Co-cultures were established using primary retinal dissociates from postnatal 3-5 mouse pups expressing fluorescent genetic reporters (NrlGFP and ROSAmT/mG) or C57BL/6J stained with Mitotracker far red (MTR) or green (MTG). ME was evaluated as the proportion of double-labelled PRs assessed by flow cytometry and validated by immunohistochemistry using day 0 co-cultures as a baseline. A 6 day transwell co-culture of NrlGFP and ROSAmT/mG was used to determine whether contact is required for ME. Time-lapse imaging was used to monitor mitochondria movement between cells. Statistical analysis was performed using a two-tailed Student’s t-test.
In co-cultures of NrlGFP and ROSAmT/mG PRs (n=6), we detected a significant increase in the proportion of double positive cells at day 3 (9.26±1.92%) relative to day 0 (0.61±0.39%, p<0.0005). Incubation of dead cells did not show ME, and no ME was detected when the cells were separated by a transwell (0.72±0.20%, p<00015) (n=3), indicating that this exchange is contact-dependent. In co-cultures of cells stained with MTR and MTG, we observed evidence of ME as early as 16 hours compared to no double positive cells at day 0. Final washes of MTR and MTG were used to control for unincorporated dye and showed minimal staining. Live imaging showed mitochondria transferring via a process from one cell to another.
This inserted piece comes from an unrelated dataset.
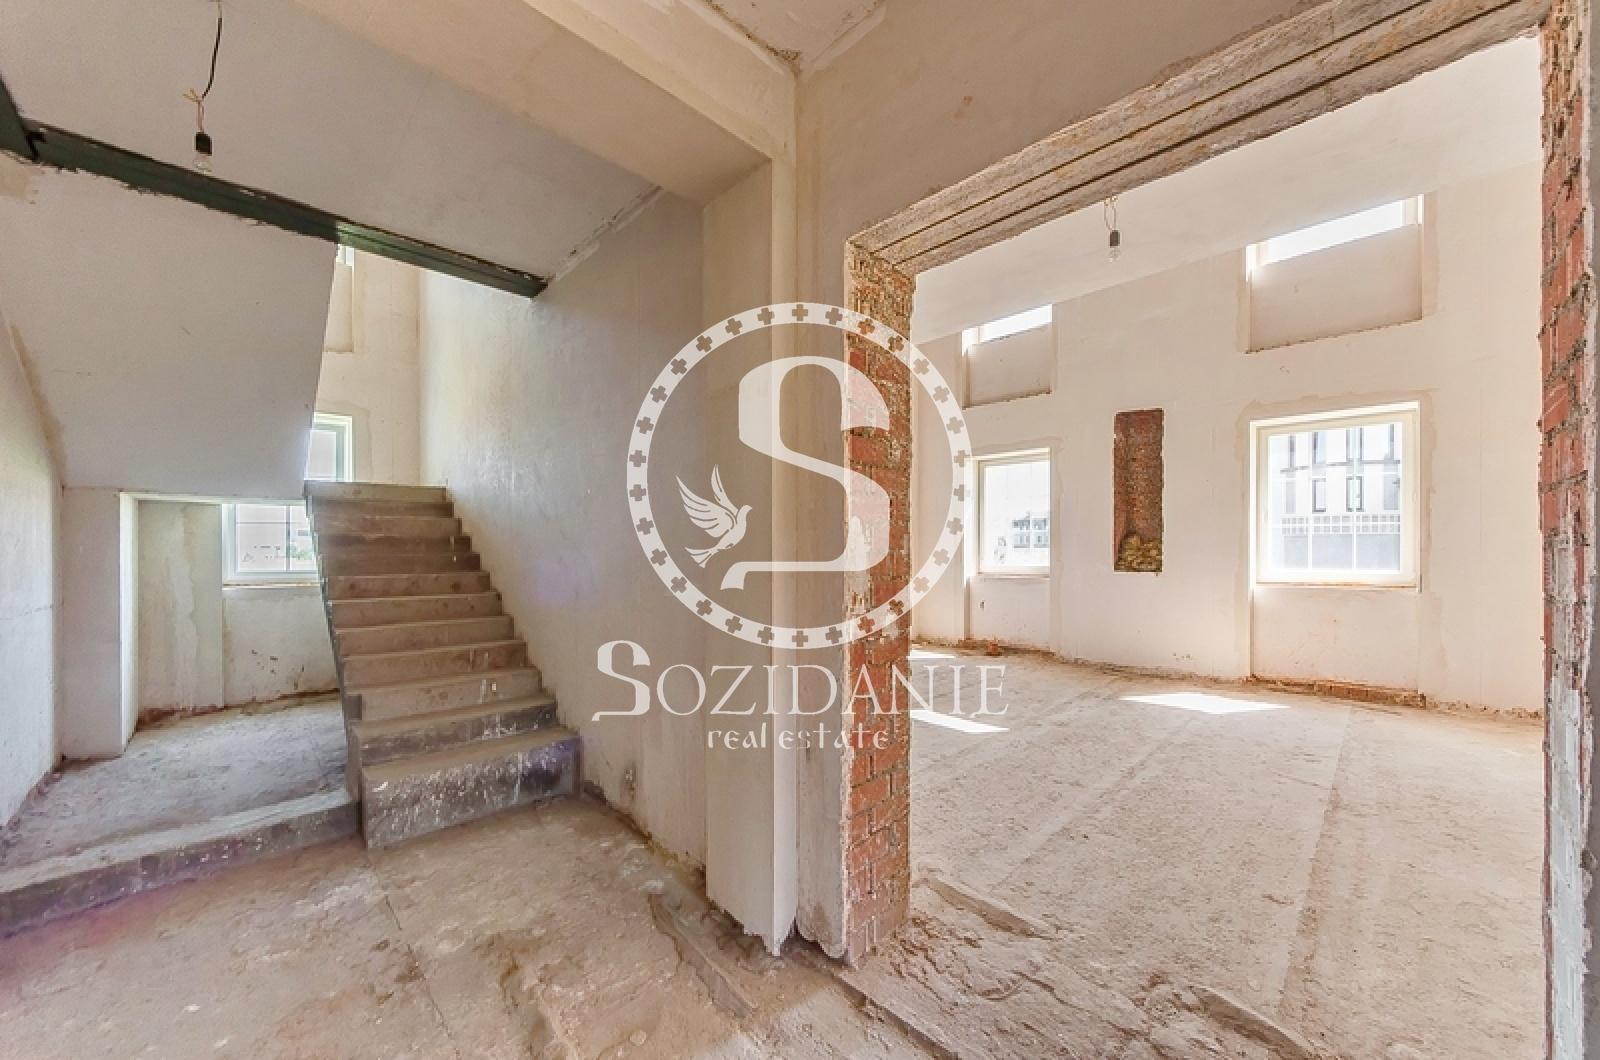 4 Bedrooms, Загородная, Продажа, Listing ID 1418, Московская область, Россия,
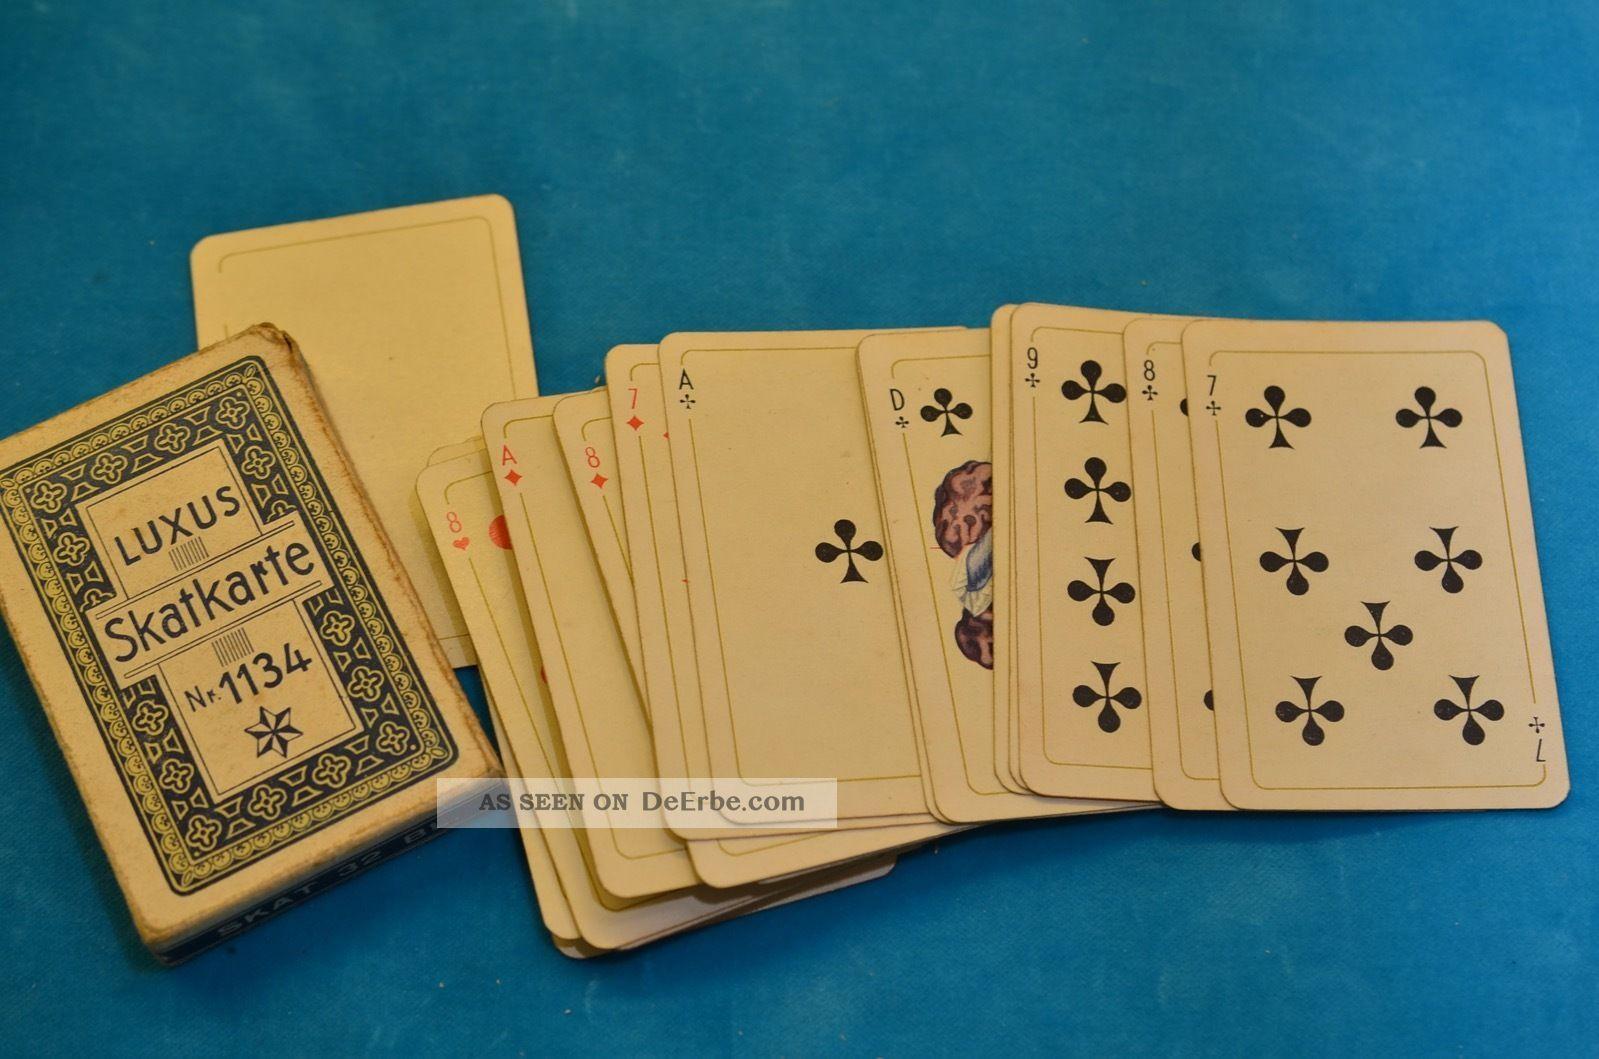 Alte Luxus Skatkarte Nr.  1134 Kartenspiel Aus Den 40er Jahren Gefertigt vor 1945 Bild

The results from our study are consistent with our hypothesis that ME requires contact. Evidence of organelle exchange suggests cell fusion or transient cytoplasmic bridge formation as a possible mechanism of ME. Understanding ME will provide valuable insight into the safety and feasibility of cell transplantation as a therapeutic tool.
This abstract was presented at the 2019 ARVO Annual Meeting, held in Vancouver, Canada, April 28 - May 2, 2019.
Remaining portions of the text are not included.